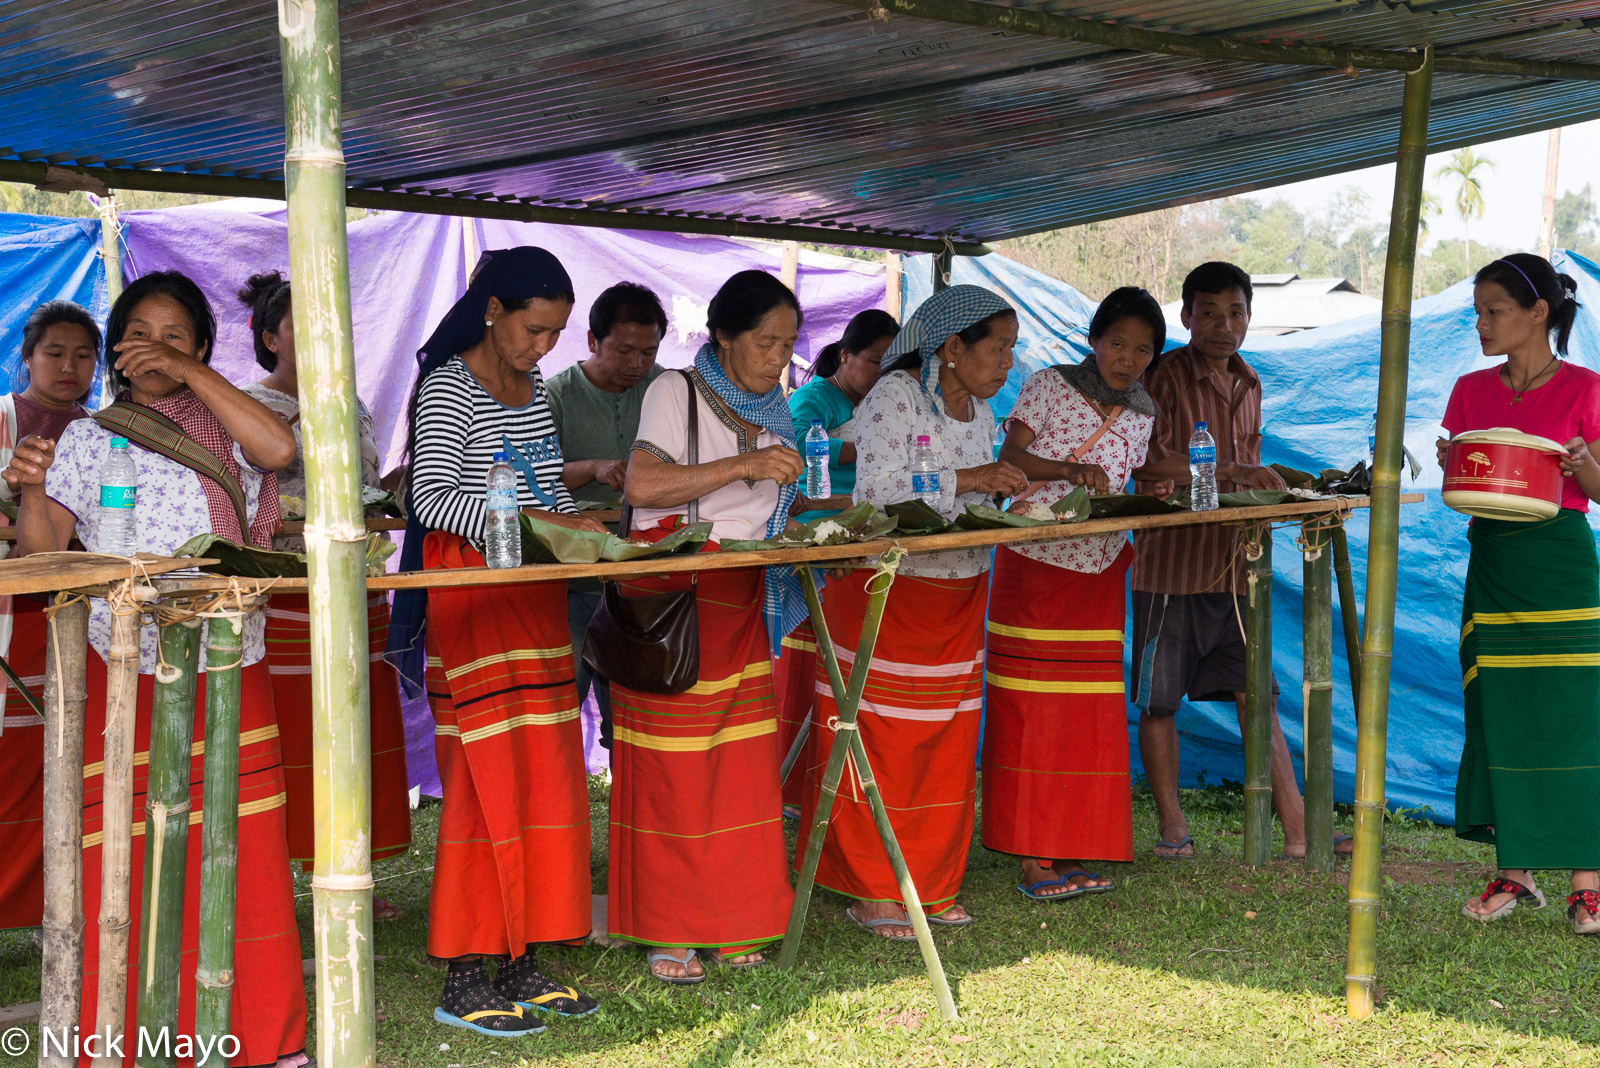 Adi, Arunachal Pradesh, Eating, Harvest Celebration, India, photo
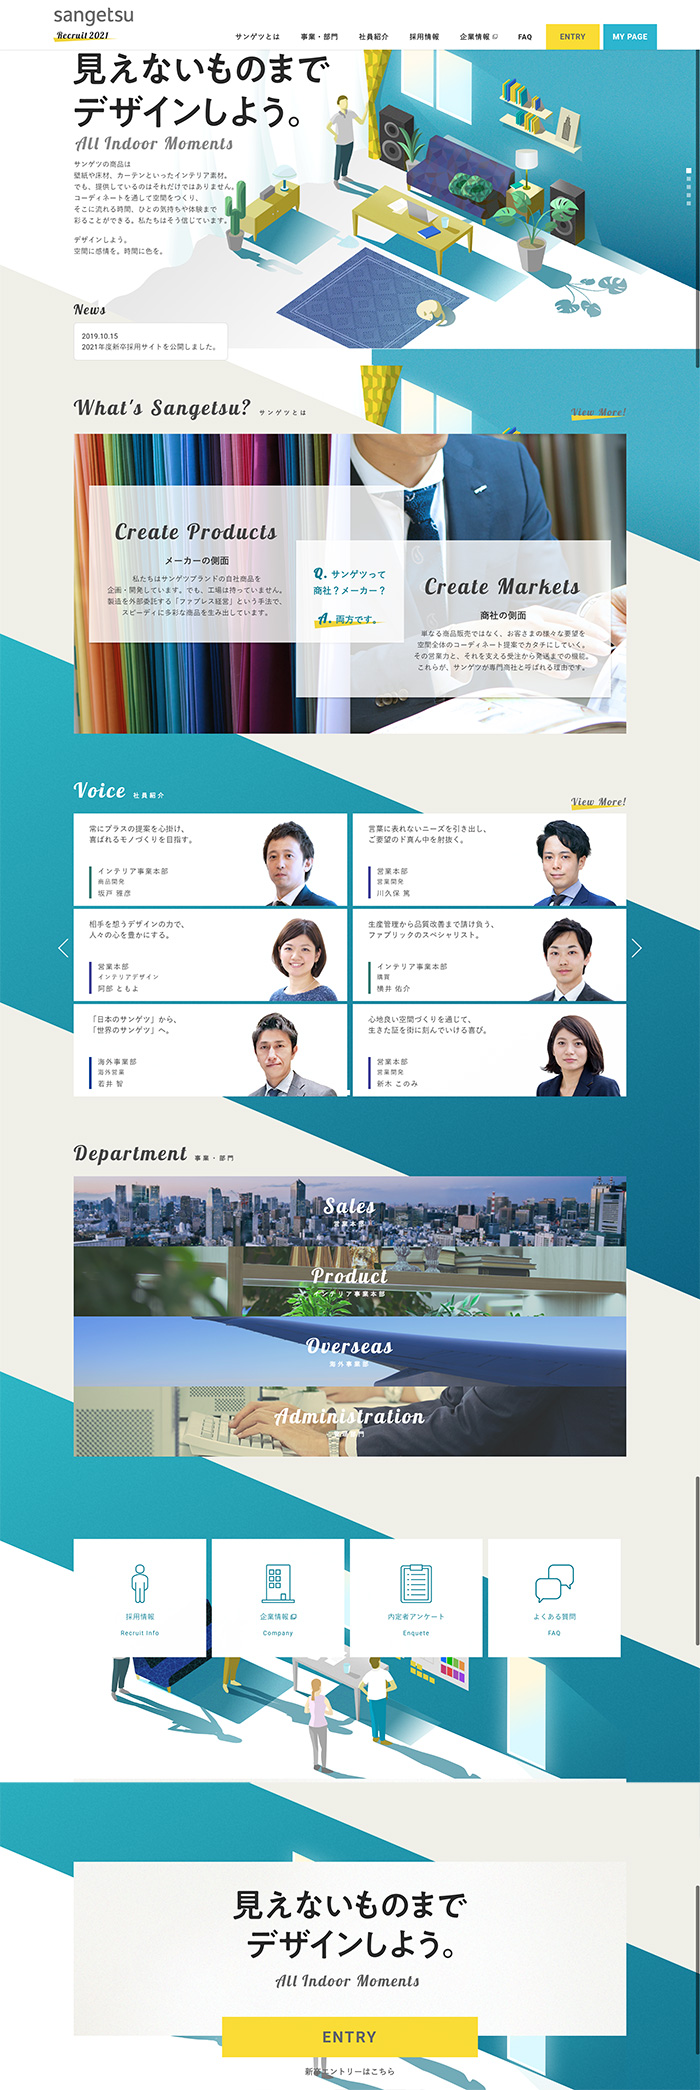 SANGETSU Recruit 2021 | 株式会社サンゲツ新卒採用情報
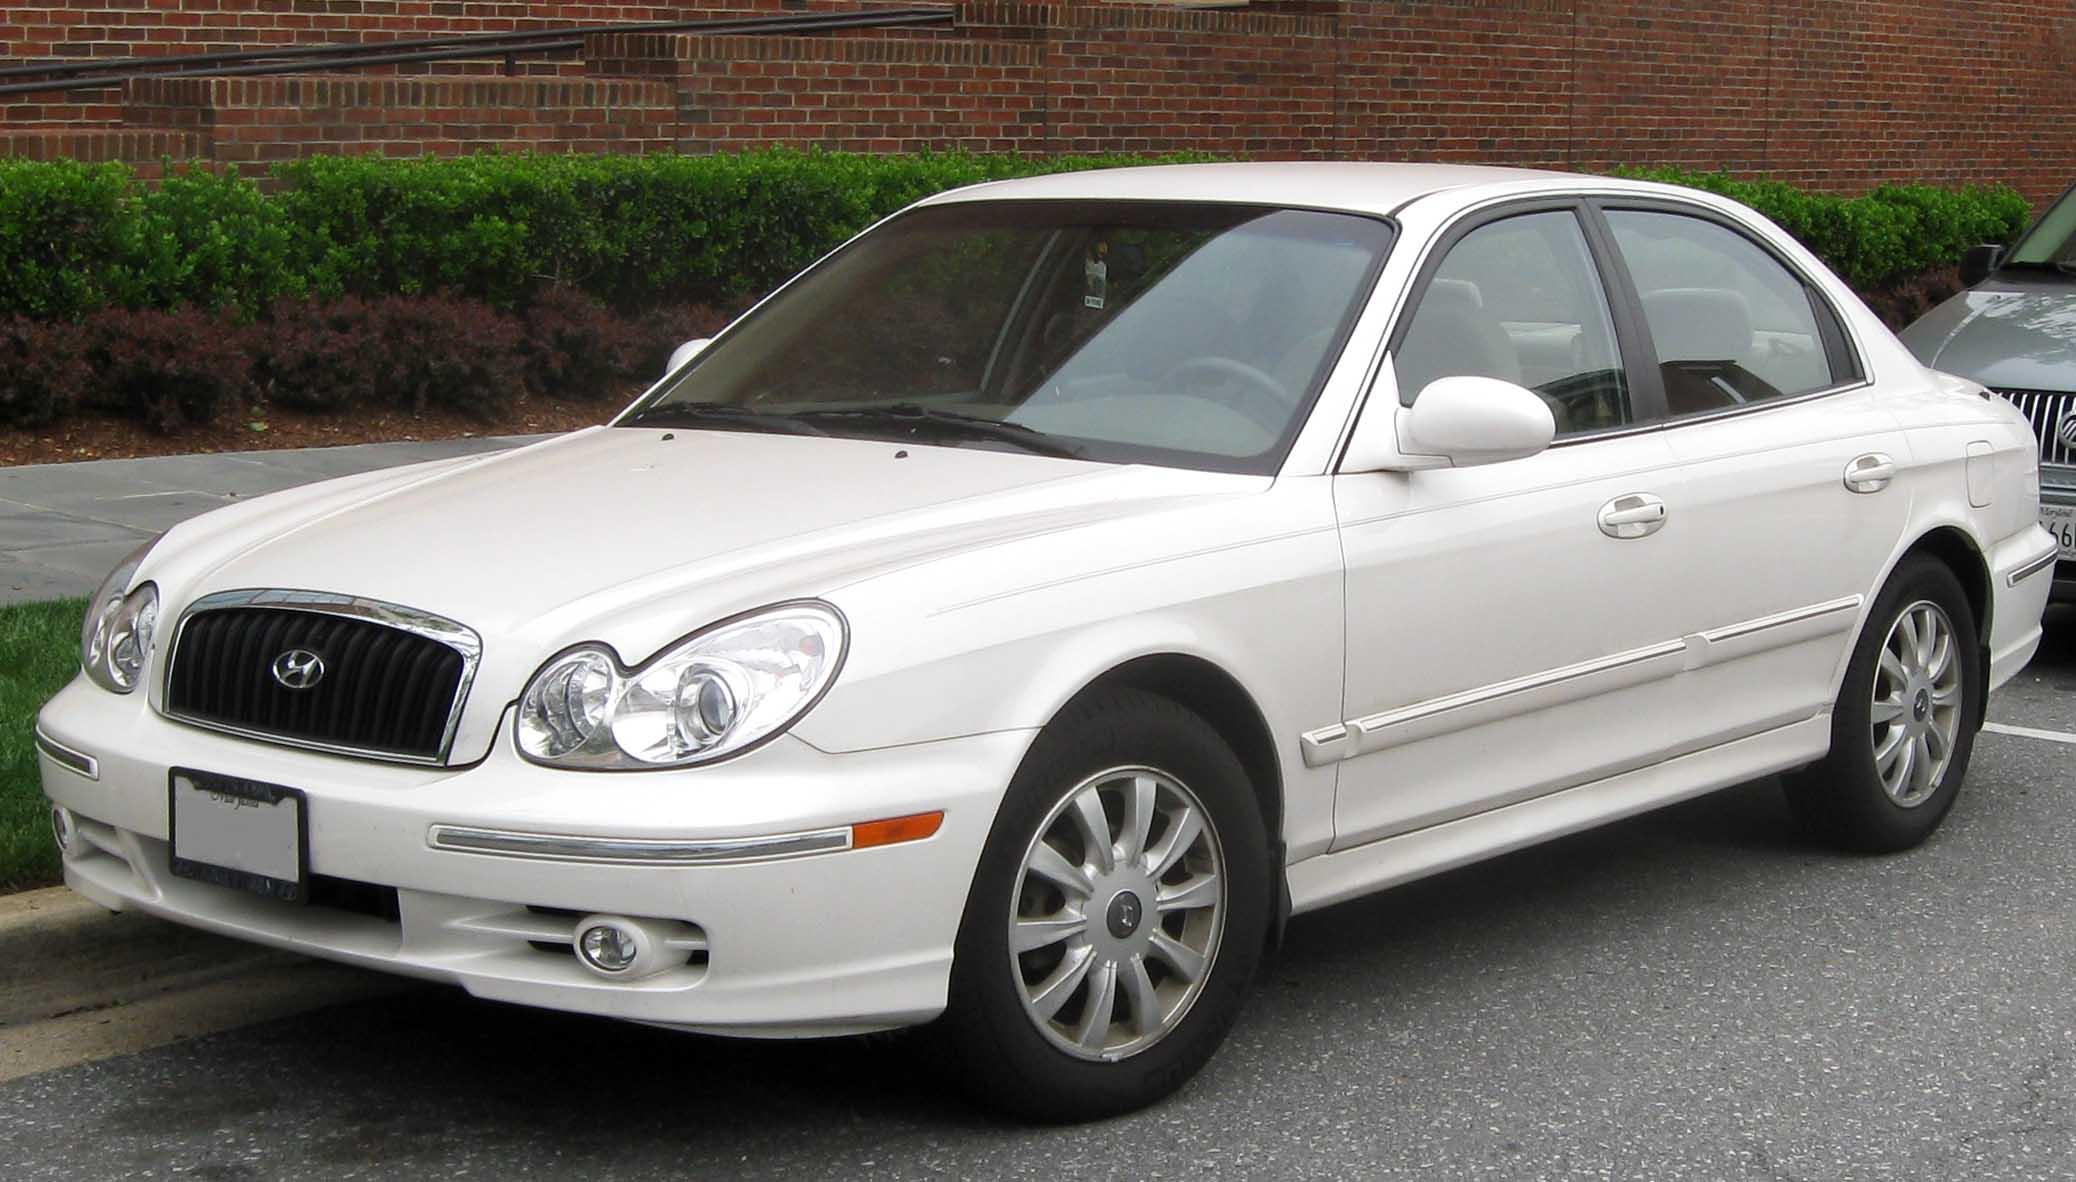 File 02 05 Hyundai Sonata Jpg Wikipedia
==========
TASK DIRECTIONS: The required output is every line of the data above, set down exactly and stripped of pictures.

RESULT FOR THIS EXERCISE:
 Adi, Arunachal Pradesh, Eating, Harvest Celebration, India, photo
 SANGETSU Recruit 2021 | 株式会社サンゲツ新卒採用情報
 File 02 05 Hyundai Sonata Jpg Wikipedia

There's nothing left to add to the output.